Explicit user confirmation step vs. agent-confirms-and-executes
Product wanted to minimize taps to improve conversion funnel metrics. Research across conversational financial tools showed users expected an unambiguous 'I am committing to this transfer' moment before money moved — especially in a context they don't yet associate with real transactions.

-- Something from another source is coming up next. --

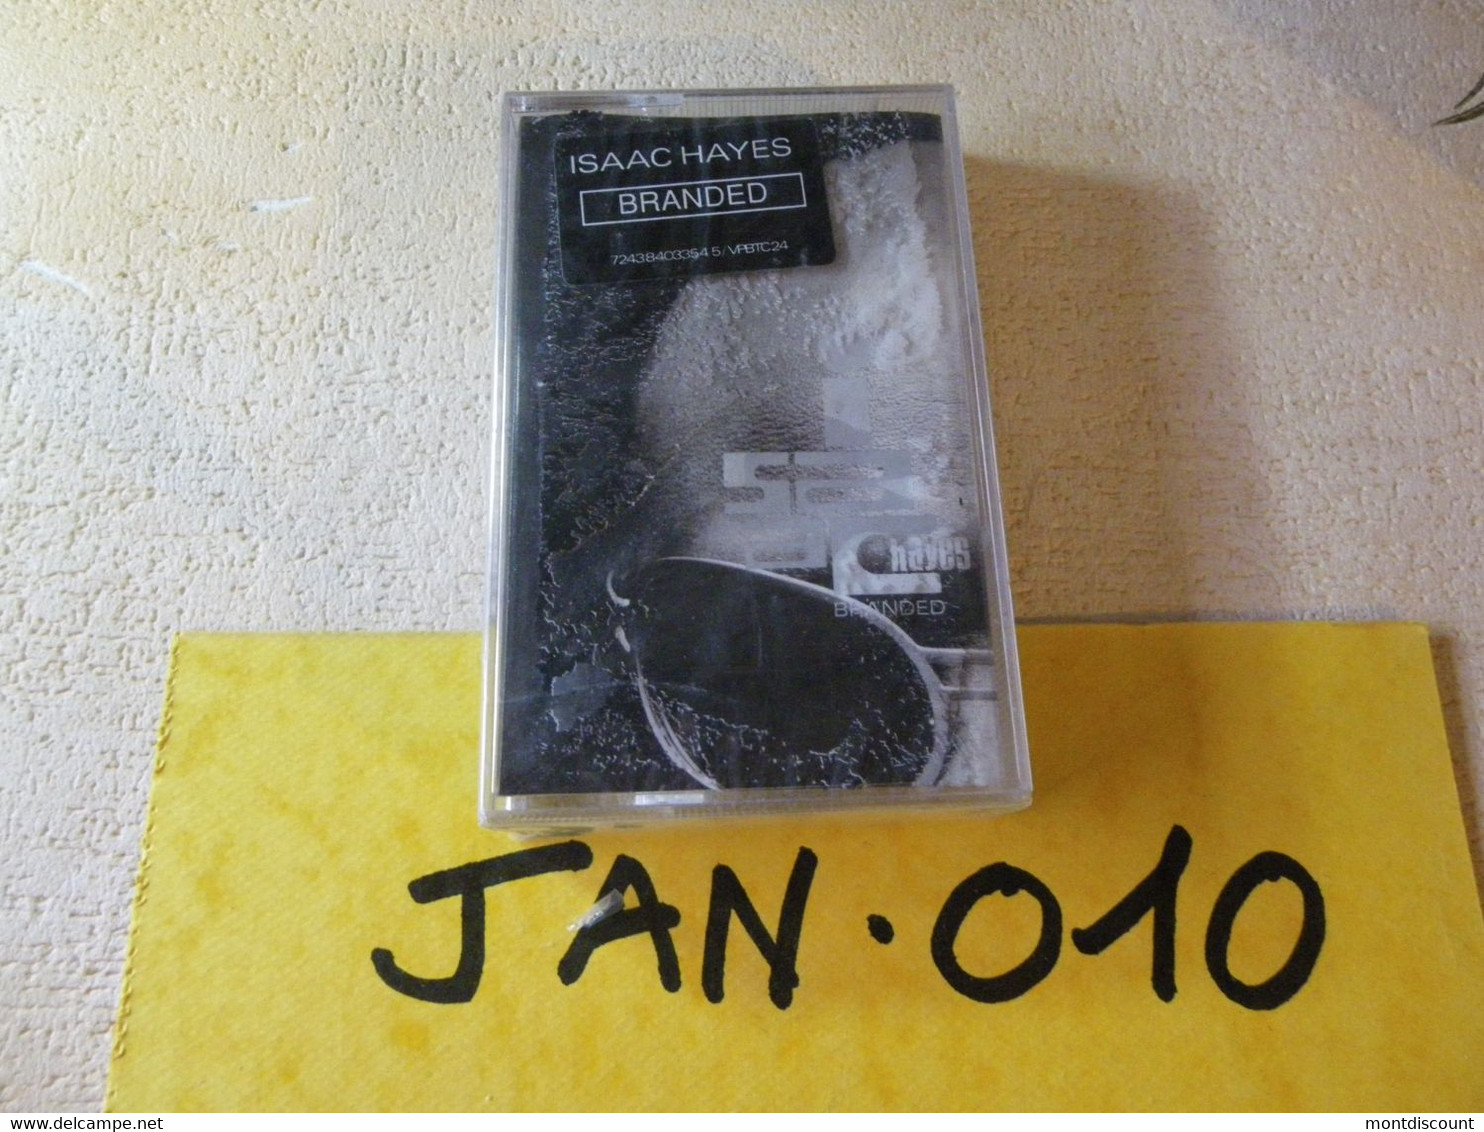 ISAAC HAYES K7 AUDIO EMBALLE D'ORIGINE JAMAIS SERVIE... VOIR PHOTO... (JAN 010) - Cassettes Audio
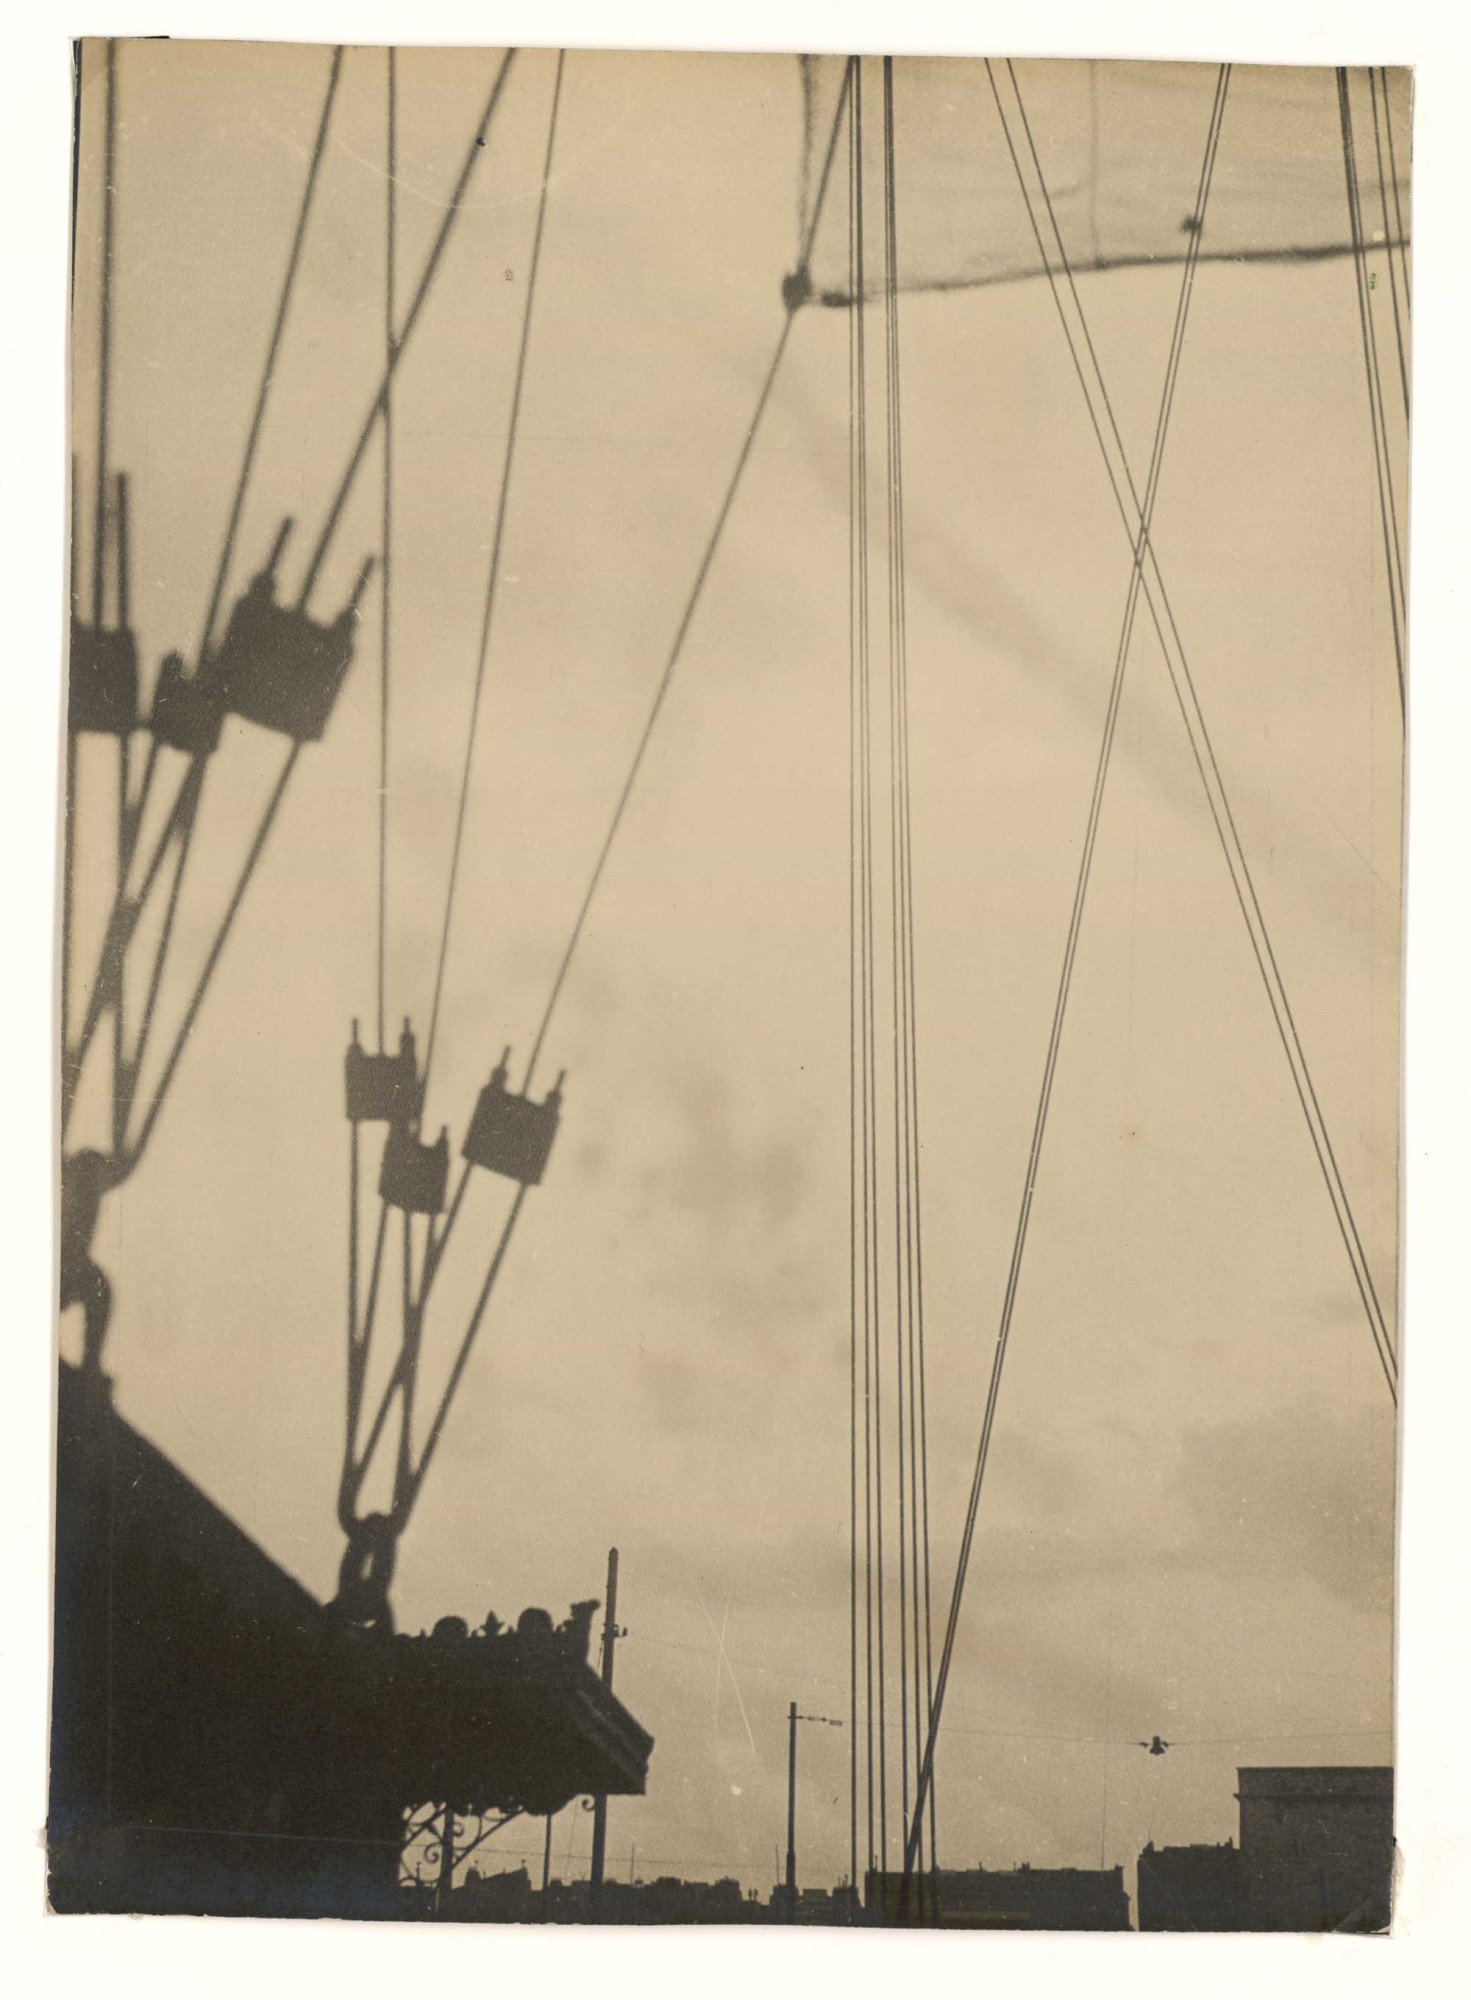 László Moholy-Nagy, Marseille, le pont transbordeur, 1929, musée Cantini, C.91.14

An explicit confirmation beat was added as a non-negotiable. The flow is one step longer but eliminates the highest-stakes trust failure mode: a transfer the user didn't consciously intend.
What I'd Do Differently
I'd run first-party research with actual Remitly customers who use AI tools before mapping the flow.
We derived behavioral insights from adjacent use cases and competitor analysis. The specific question I'd have answered first: at what point in a ChatGPT conversation does a Remitly customer feel ready to trust a financial widget they didn't explicitly ask for? We designed around a hypothesis. I'd rather have designed around data — and I'd have instrumented first-session widget abandonment from day one.
I'd design a dedicated 'first transfer' state that acknowledges the novelty of the context.
We designed for the generic user. A new Remitly customer making their first transfer inside ChatGPT is in a qualitatively different psychological moment than a returning user — that transition deserved its own design pass.
Reflection
The entire routing model was built on an assumption I couldn't yet prove: that most users reaching Remitly through ChatGPT were researching and comparing, not ready to send. That assumption held — 75% of tool calls were rate lookups. But I made the call on inference from adjacent behaviors, not from watching actual Remitly users in an AI context. What I'd do differently: instrument whether users were in research or transaction mode from day one, so I'm validating the assumption in days instead of waiting 30 days to find out if the design was right.